Every line of the material needs an exact copy, apart from the images.

[SUPPLIED MATERIAL]
______
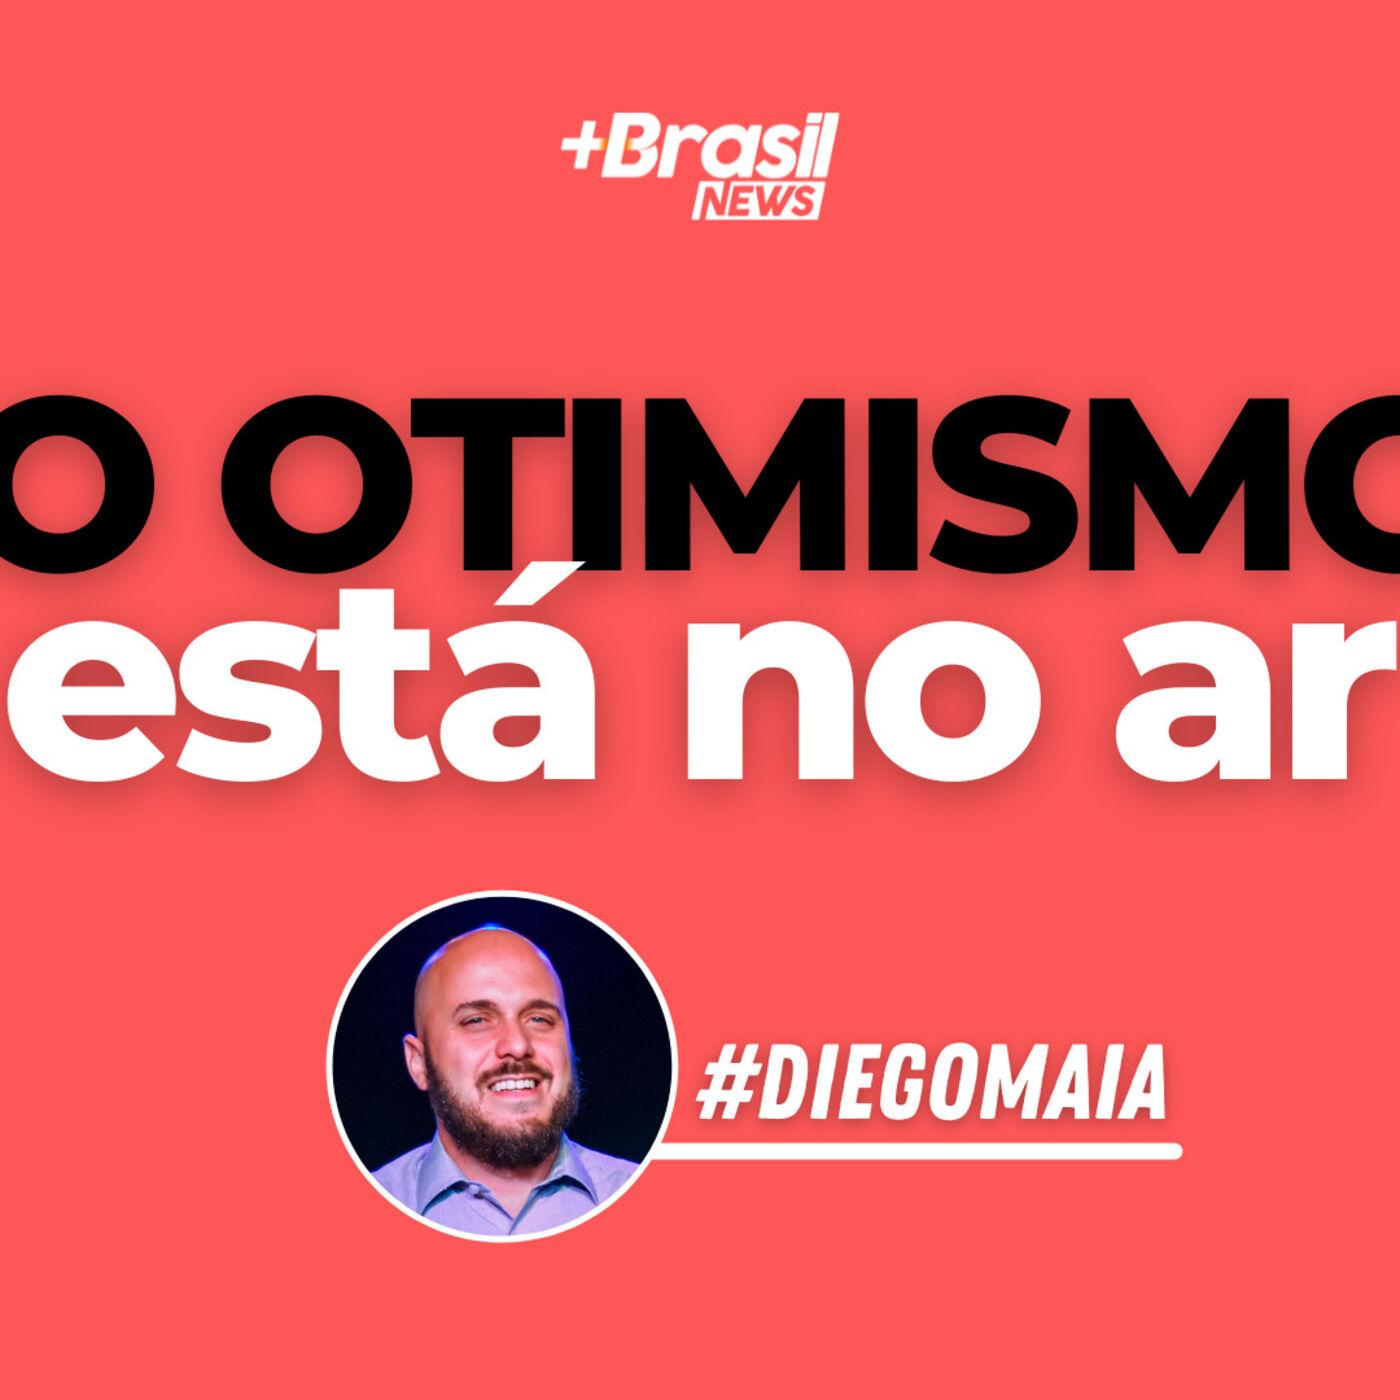 BóraVoar - O otimismo está no ar - Edição Semanal 01/6/2021
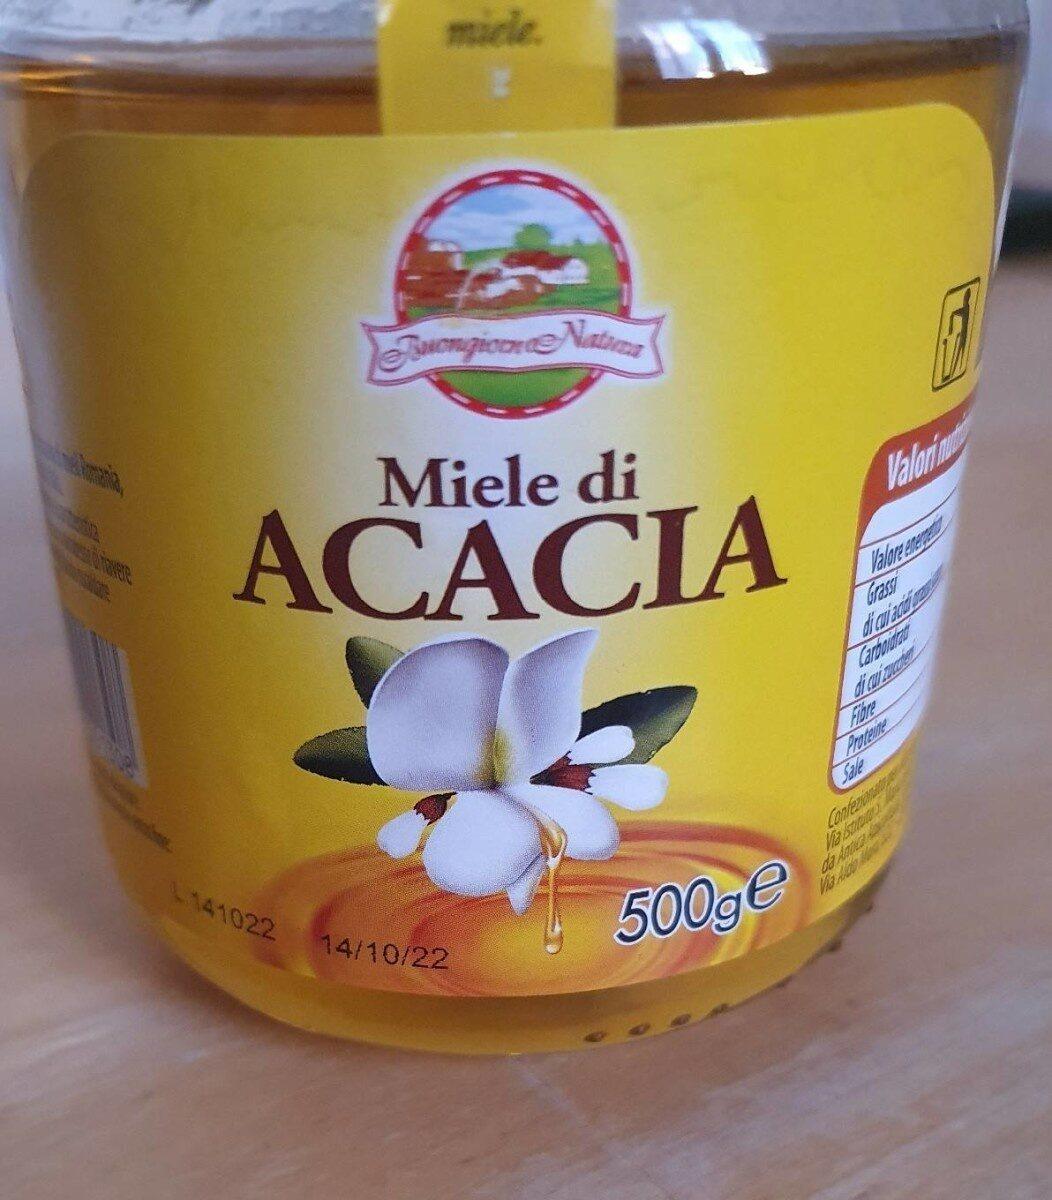 Miele di Acacia - Product - it
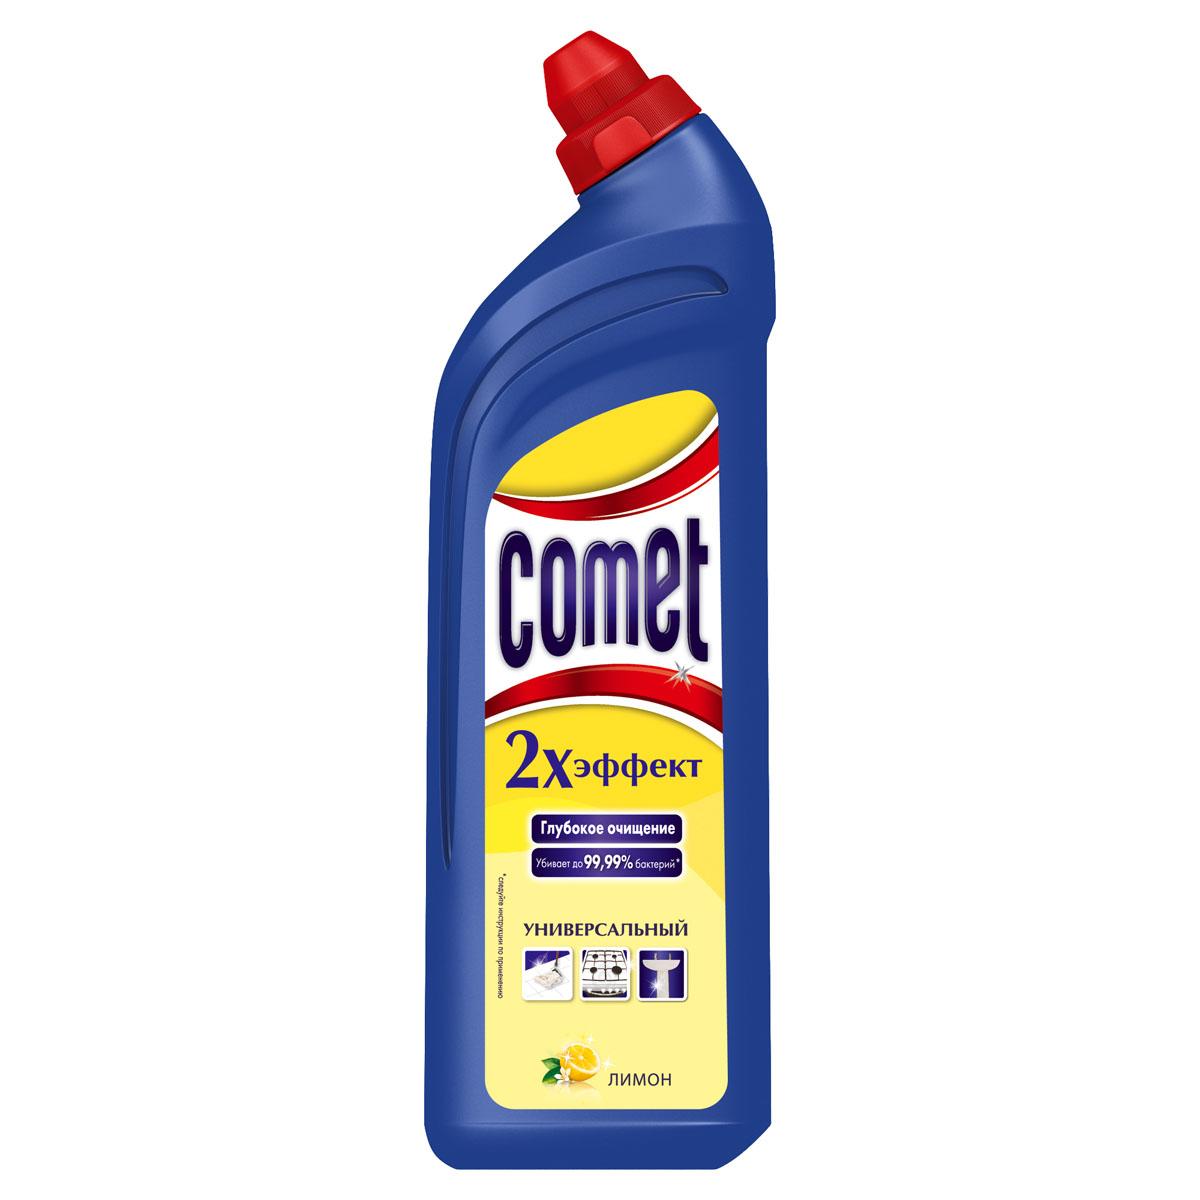 Универсальный чистящий гель Comet Двойной эффект, с ароматом лимона, 1 лCG-80227825Универсальный чистящий гель Comet Двойной эффект предназначен для глубокого очищения поверхностей. Эффективно удаляет повседневные загрязнения и обычный жир во всем доме, а также дезинфицирует поверхности. Средство подходит для плит (в том числе стеклокерамических), ванн, раковин, унитазов, кафеля, мытья полов. Обладает приятным ароматом лимона. Характеристики:Состав: Объем: 1 л. Товар сертифицирован.
______
[WRITTEN ANSWER]
 BóraVoar - O otimismo está no ar - Edição Semanal 01/6/2021
 Miele di Acacia - Product - it
 Универсальный чистящий гель Comet Двойной эффект, с ароматом лимона, 1 лCG-80227825Универсальный чистящий гель Comet Двойной эффект предназначен для глубокого очищения поверхностей. Эффективно удаляет повседневные загрязнения и обычный жир во всем доме, а также дезинфицирует поверхности. Средство подходит для плит (в том числе стеклокерамических), ванн, раковин, унитазов, кафеля, мытья полов. Обладает приятным ароматом лимона. Характеристики:Состав: Объем: 1 л. Товар сертифицирован.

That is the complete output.